FOR WHOM THE BELL TOLLS by Ernest Hemingway

“I was an arroyero for many years,” Pablo said. “We trucked freight across the mountains with the big carts before the camions came into use. In that business we learned the weather.”

“And how did you get into the movement?”

“I was always of the left,” Pablo said. “We had many contacts with the people of Asturias where they are much developed politically. I have always been for the Republic.”

“But what were you doing before the movement?”

“I worked then for a horse contractor of Zaragoza. He furnished horses for the bull rings as well as remounts for the army. It was then that I met Pilar who was, as she told you, with the matador Finito de Palencia.”

He said this with considerable pride.

“He wasn’t much of a matador,” one of the brothers at the table said looking at Pilar’s back where she stood in front of the stove.

“No?” Pilar said, turning around and looking at the man. “He wasn’t much of a matador?”

Standing there now in the cave by the cooking fire she could see him, short and brown and sober-faced, with the sad eyes, the cheeks sunken and the black hair curled wet on his forehead where the tightfitting matador’s hat had made a red line that no one else noticed. She saw him stand, now, facing the five-year-old bull, facing the horns that had lifted the horses high, the great neck thrusting the horse up, up, as that rider poked into that neck with the spiked pole, thrusting up and up until the horse went over with a crash and the rider fell against the wooden fence and, with the bull’s legs thrusting him forward, the big neck swung the horns that searched the horse for the life that was in him. She saw him, Finito, the not-so-good matador, now standing in front of the bull and turning sideways toward him. She saw him now clearly as he furled the heavy flannel cloth around the stick; the flannel hanging blood-heavy from the passes where it had swept over the bull’s head and shoulders and the wet streaming shine of his withers and on down and over his back as the bull raised into the air and the banderillas clattered. She saw Finito stand five paces from the bull’s head, profiled, the bull standing still and heavy, and draw the sword slowly up until it was level with his shoulder and then sight along the dipping blade at a point he could not yet see because the bull’s head was higher than his eyes.
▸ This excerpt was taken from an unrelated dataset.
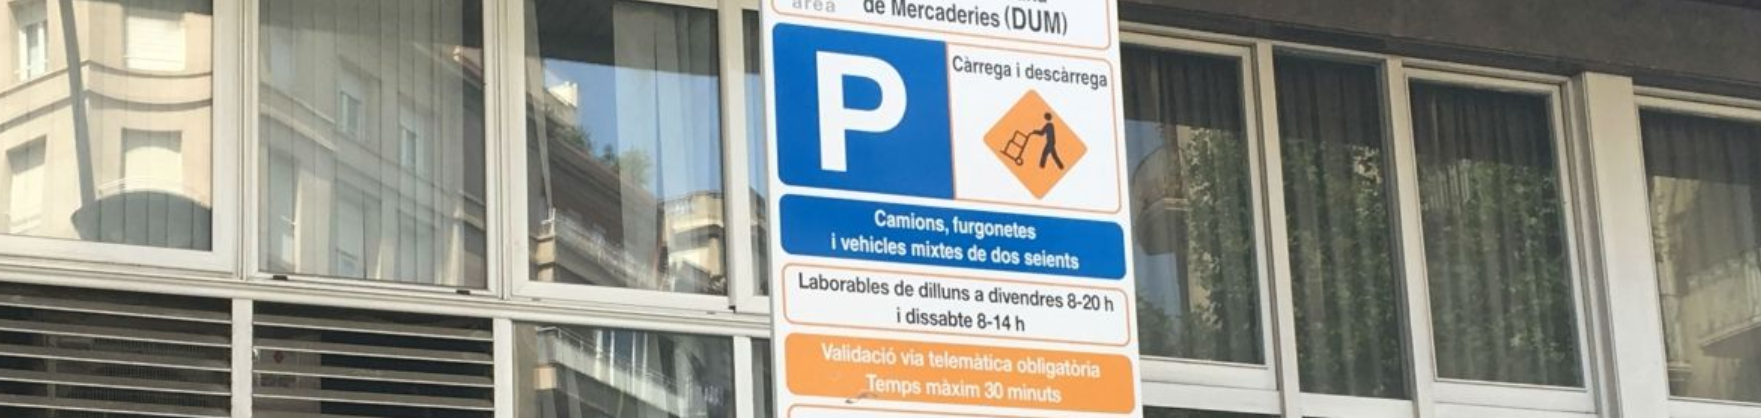 Conveni amb l'Ajuntament de Barcelona

He would bring that head down with the sweep his left arm would make with the wet, heavy cloth; but now he rocked back a little on his heels and sighted along the blade, profiled in front of the splintered horn; the bull’s chest heaving and his eyes watching the cloth.

She saw him very clearly now and she heard his thin, clear voice as he turned his head and looked toward the people in the first row of the ring above the red fence and said, “Let’s see if we can kill him like this!”

She could hear the voice and then see the first bend of the knee as he started forward and watch his voyage in onto the horn that lowered now magically as the bull’s muzzle followed the low swept cloth, the thin, brown wrist controlled, sweeping the horns down and past, as the sword entered the dusty height of the withers.

She saw its brightness going in slowly and steadily as though the bull’s rush plucked it into himself and out from the man’s hand and she watched it move in until the brown knuckles rested against the taut hide and the short, brown man whose eyes had never left the entry place of the sword now swung his sucked-in belly clear of the horn and rocked clear from the animal, to stand holding the cloth on the stick in his left hand, raising his right hand to watch the bull die.

She saw him standing, his eyes watching the bull trying to hold the ground, watching the bull sway like a tree before it falls, watching the bull fight to hold his feet to the earth, the short man’s hand raised in a formal gesture of triumph. She saw him standing there in the sweated, hollow relief of it being over, feeling the relief that the bull was dying, feeling the relief that there had been no shock, no blow of the horn as he came clear from it and then, as he stood, the bull could hold to the earth no longer and crashed over, rolling dead with all four feet in the air, and she could see the short, brown man walking tired and unsmiling to the fence.